Here's a cosmic contradiction: A tiny supermassive black hole. Astronomers using the Magellan II telescope in Chile and NASA's Chandra X-ray Observatory have discovered the smallest supermassive black hole yet found at the center of a dwarf galaxy.
The findings, published by the Astrophysical Journal Letters, could help scientists better understand the evolution of some of the earliest galaxies – and the black holes at their hearts.
Black holes are such dense, massive objects that even light cannot escape. They come in two main types: the "stellar-mass" black holes, which are the remains of dead stars that were several times the mass of the sun; and the supermassive black holes, which are thought to sit at the center of every large galaxy and that can weigh millions or even billions of solar masses.
But this newly found supermassive black hole, at the center of a dwarf galaxy called RGG 118, holds a mere 50,000 suns' worth of mass – on the order of 100,000 times smaller than some of its oversized peers. (The supermassive black hole in the middle of our own Milky Way, for the sake of comparison, holds between 4 million and 5 million solar masses, and it's not even a serious heavyweight.)
Unusual as this pint-sized supermassive black hole (and its galaxy) might sound, they're probably quite common, the scientists said.
"Most galaxies are fairly small – and whereas we are fairly convinced that there is a black hole sitting at the center of every big galaxy, we're not sure whether that's the case in the small ones," said study coauthor Elena Gallo, an astrophysicist at the University of Michigan in Ann Arbor. "It's just harder to find them, so that's why we don't really know."
"And if there are black holes there," she added, "we don't know whether they behave, with respect to their host galaxy, the same way as the big ones do."
RGG 118 is itself a tiny galaxy, which means that it probably never merged with other galaxies to make the monstrous structures we see populating the cosmos today.
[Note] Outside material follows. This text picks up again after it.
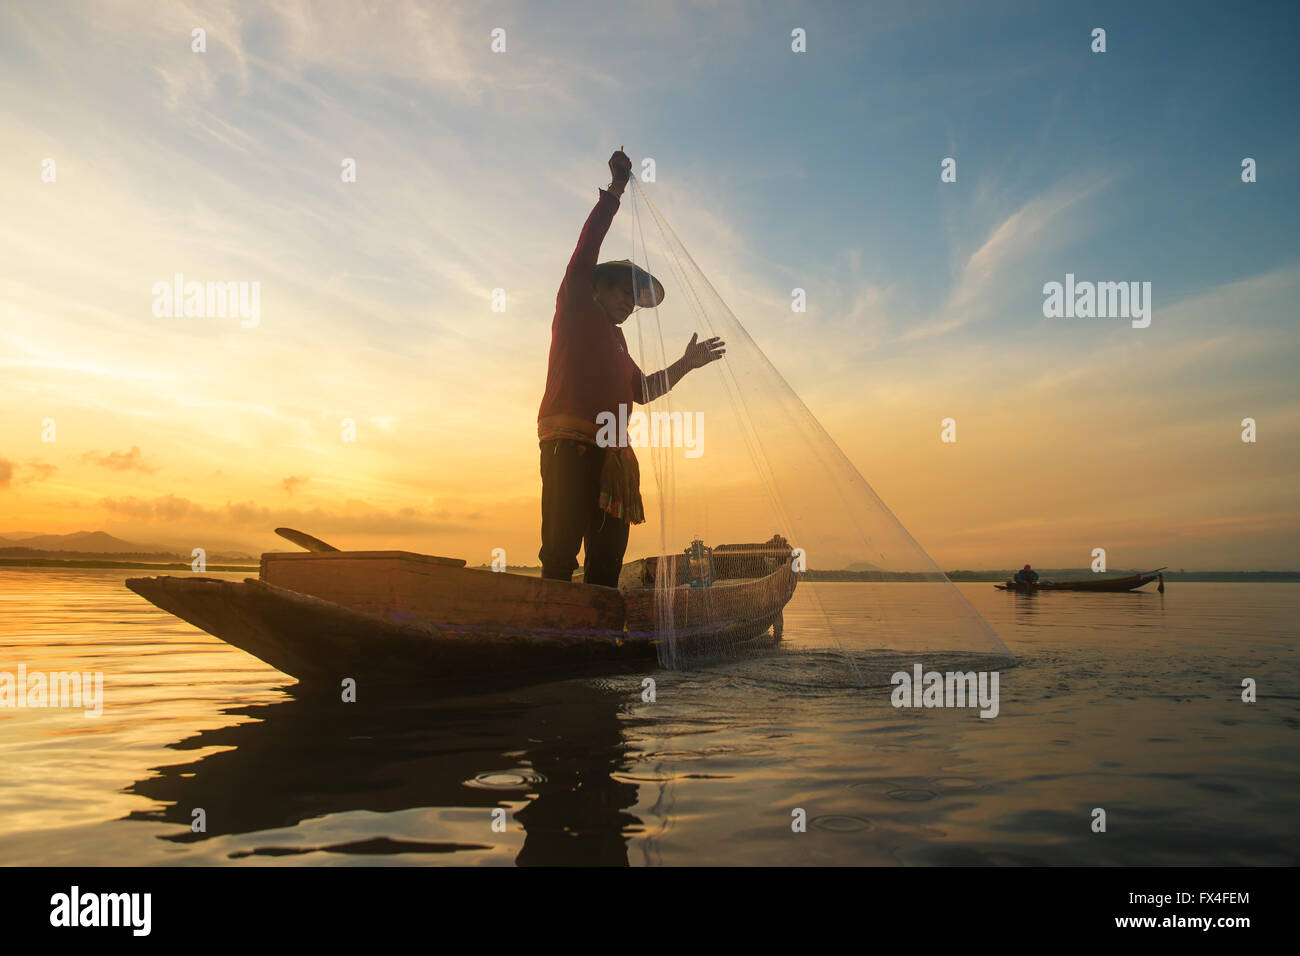 Fisherman fishing at lake in Morning, Thailand. Stock Photo

"They're probably relatively pristine objects," Gallo said of such small galaxies.
This dwarf galaxy, then, could be an analogue to the early galactic building blocks from the universe's history.
By studying the movement of hydrogen within RGG 118 using the Magellan II (or Clay) telescope and the high-energy X-rays coming from the center of the galaxy using the orbiting Chandra telescope, the researchers were able to calculate the mass of the black hole.
The new findings give some insight into the relationship between dwarf galaxies and their black holes. But Gallo stressed that they would need to study more than just one dwarf galaxy's black hole before they could draw broader conclusions.
"These dwarf galaxies, with their teeny black holes, give us a relatively nearby laboratory to study the process by which black holes formed very early on in the universe," she said.